Mais Jeane, songeant que Delmare est agenouillé devant elle, sur le carreau, fait un mouvement afin de se lever, en disant :

— C’est à moi d’être là, devant toi, à genoux…

— Ne bouge pas, ne bouge pas, enfant !… je suis si bien là !… Et puis, n’est-ce pas à genoux que je te dois dire : Pardon ?

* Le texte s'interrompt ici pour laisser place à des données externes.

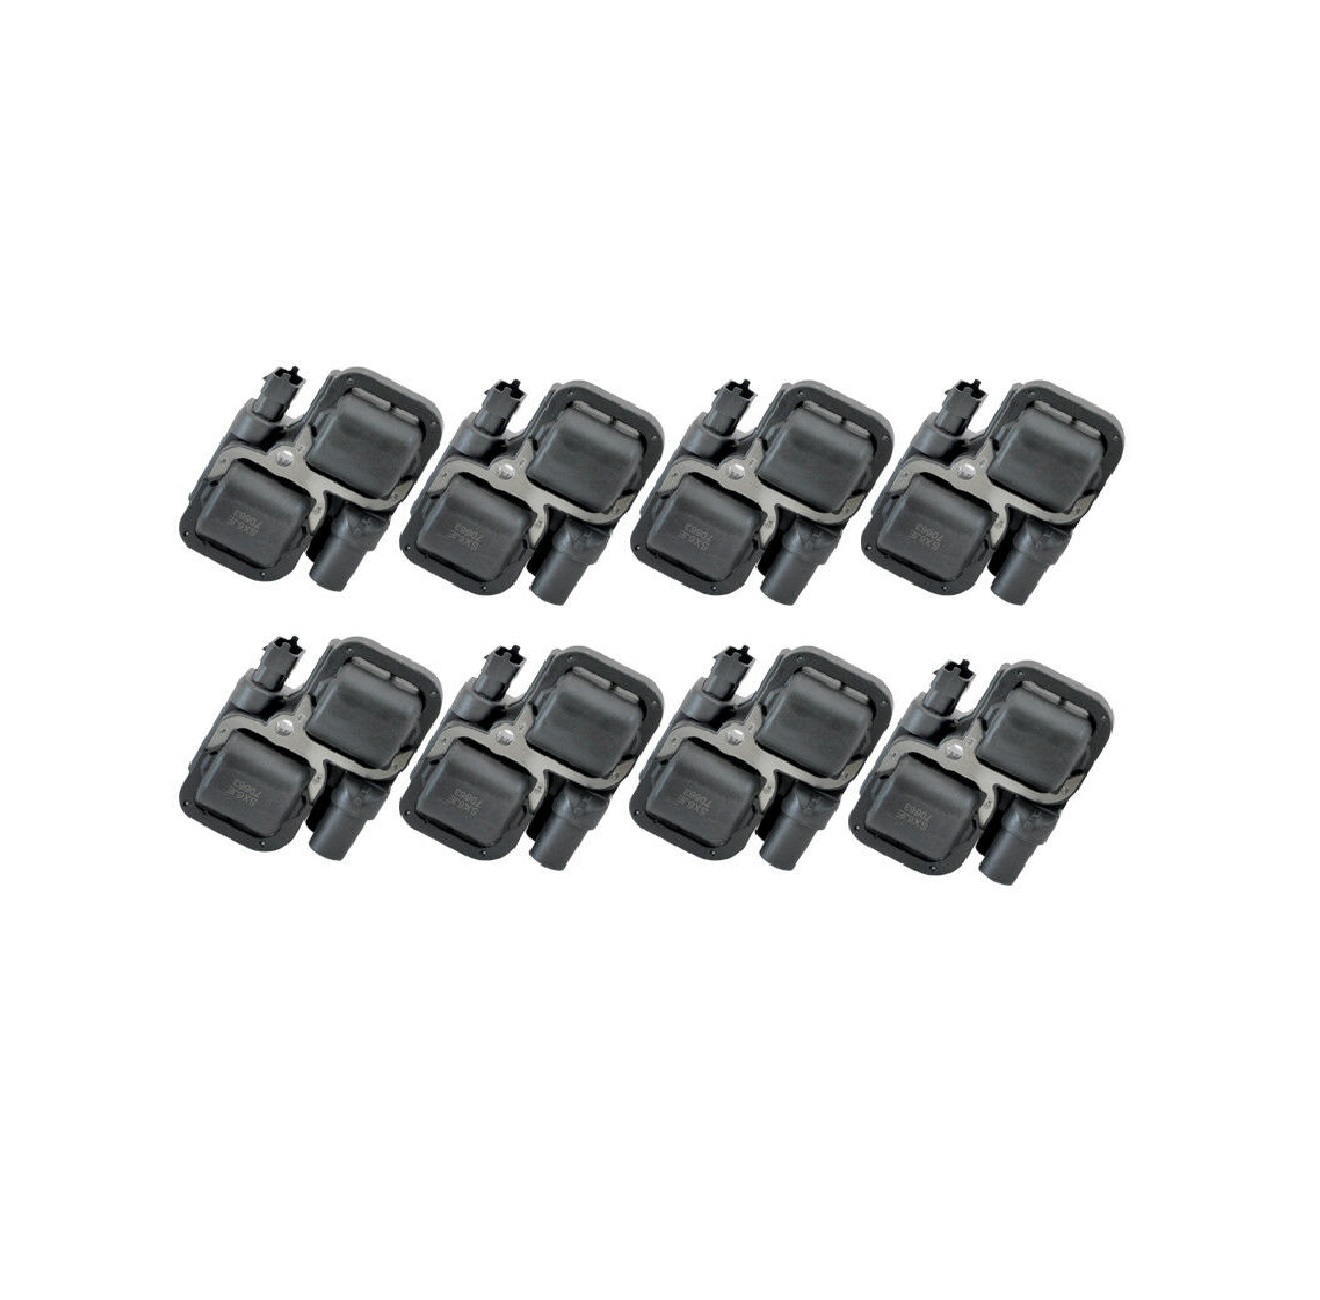 8x Ignition Coil for Mercedes C43 CLK55 CL55 CLS500 E500 E55 ML430 S55 SL500 German Made
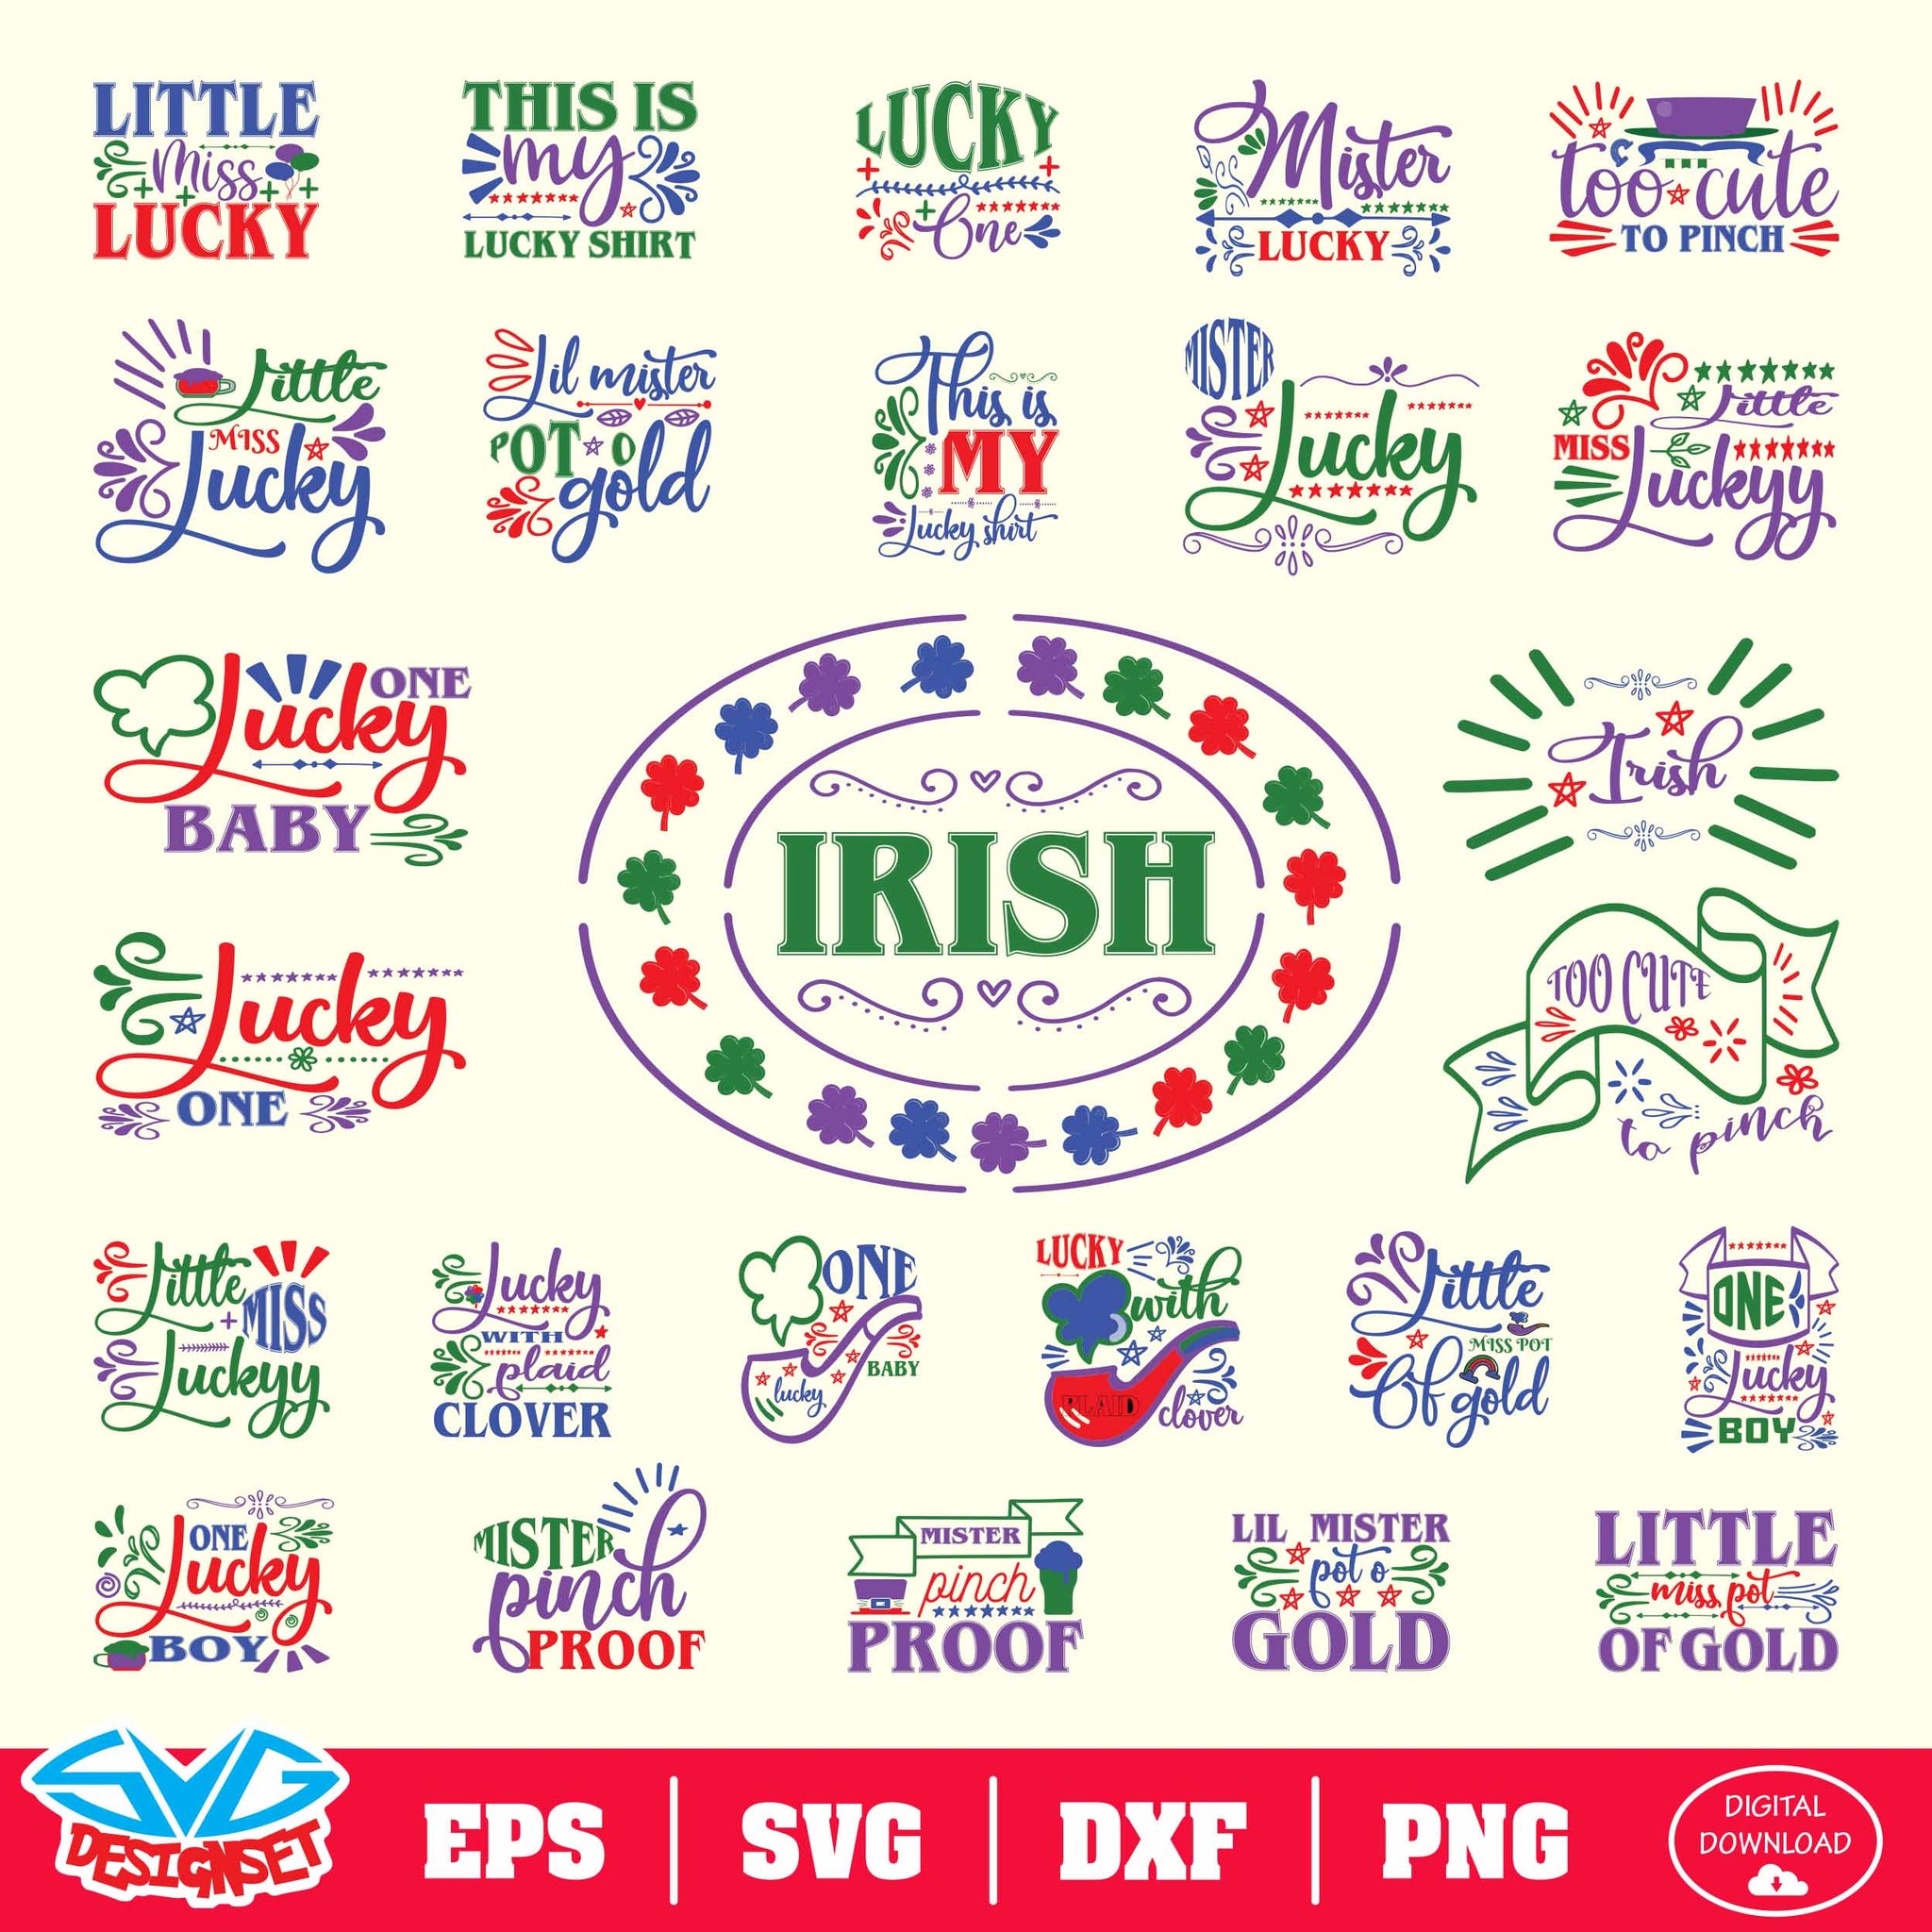 St. Patrick's Day Bundle Svg, Dxf, Eps, Png, Clipart, Silhouette and Cutfiles #005 - SVGDesignSets

— Pardon… mon bon père ? et de quoi ?

— De tant de misère, — répond Delmare étouffant un sanglot et jetant un coup d’œil navré autour de la sombre mansarde. — Vois donc quelle misère ! vois donc !

— Je ne m’en apercevais pas, — répondit Jeane avec un sourire ineffable ; — et puis d’ailleurs que m’importe cette détresse ! en souffres-tu ?

— Pour moi, non ; mais si, au lieu de dissiper follement ma fortune, je l’avais conservée, je…

— M’aimerais-tu davantage, père ?

— Davantage, c’est impossible.

— À quoi bon alors regretter tes richesses ?

— Ah ! c’est que le repentir, le remords de ma ruine empoisonnent le divin bonheur que je goûte aujourd’hui. Oui ! maudite soit ma prodigalité passée ! Je suis pauvre à cette heure où j’ai le plus cher, le plus sacré des devoirs à remplir ! Pourvoir aux besoins de mon enfant, dont je suis aujourd’hui l’unique appui !… et je ne peux lui offrir que de partager mon dénûment ! Malheur à moi ! malédiction sur moi !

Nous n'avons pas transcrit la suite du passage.